Collectors Love: Dani Mckenzie

Our writers look at the artists who have caught the attention of collectors in the past year and achieved sell-out shows.

Words: Briony Downes

Dani McKenzie’s paintings speak of a past quickly fading from sight like the view from a car window. Based on the vernacular photographs and crackly home movies one might find tucked away in a shoebox at a garage sale, frequent features in McKenzie’s work are picturesque landscapes, caravans and cars, each conceptually linking her images to the journey – to place, through time and into memory.

Everyday life in suburban culture is also a predominant fixture in McKenzie’s visual repertoire. Clothing styles and car models suggest her protagonists are placed within the mid-20th century, with women in swimsuits and hair perfectly swept into scarves, and children posing with their pets in idyllic country locales. McKenzie’s paintings exude a beguiling sense of movement, an effect she achieves by lightly dragging her brush across the painted surface.

This disruption of the image does not result in a messy picture plane, instead, it emphasises McKenzie’s technical skill as a painter. Colours are expertly blended and brushstrokes remain precise despite an overall blurriness. Not unlike the dreamy facades produced by soft-focus camera filters trained on the faces of aging television stars, the visual slippage in McKenzie’s work denies the viewer an opportunity to focus on detail.

A consistent favourite with collectors, McKenzie’s most recent exhibitions has been hugely successful. Visions, McKenzie’s 2019 solo exhibition at MARS Gallery in Melbourne, and her 2020 Recognising Strangers at Sydney’s Olsen Gallery, each sold out within days. In anticipation of similar demand for McKenzie’s February 2021 exhibition at MARS, director Andy Dinan already has a sizable waiting list. “People get very cross with me when there are no works available and beg me to let them know first when they come in,” she says. With works held in private collections throughout Australia, Singapore, the UK, USA and Europe, McKenzie is a quiet high achiever.

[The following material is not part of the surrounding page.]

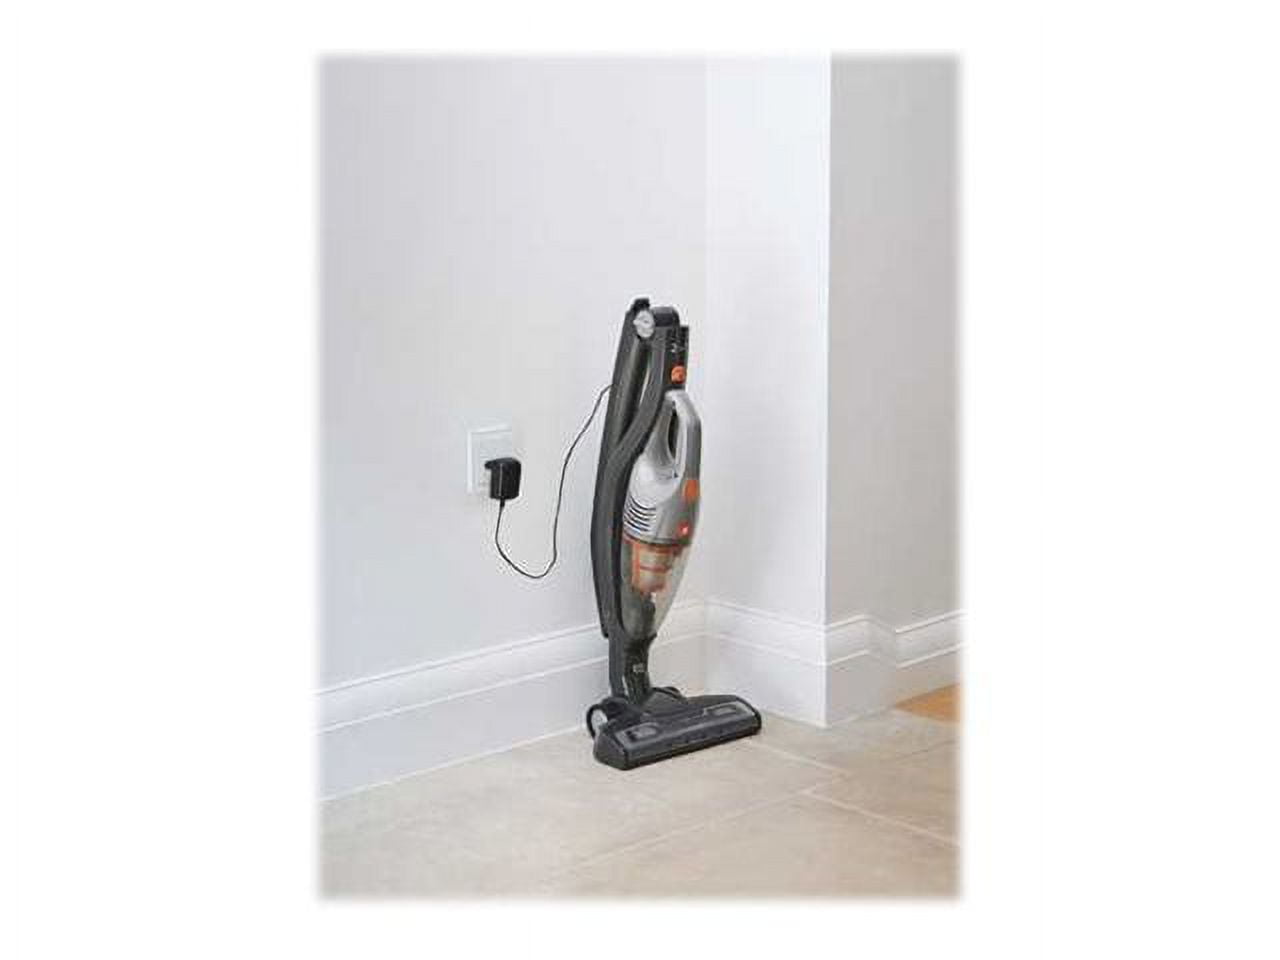 POWERSERIES+™ Cordless Stick Vacuum

Presented with an Outstanding Academic Achievement Award at the culmination of both her Bachelor of Fine Arts Honours and Master of Fine Arts degrees from Sydney’s National Art School, McKenzie followed this academic success with an Onslow Storrier Residency at the Cité Internationale des Arts in Paris in mid-2017.

In 2019, her oil on linen painting, Camp, won the Bayside Acquisitive Art Prize. In addition to her 2021 solo show at MARS and being a finalist in the 2020 Muswellbrook Art Prize, McKenzie will soon travel to Paris to partake in her second residency at the Cité.

Image: Dani McKenzie, Boy, 2020. Oil on linen, 46 x 46cm. Courtesy: the artist and MARS Gallery, Melbourne.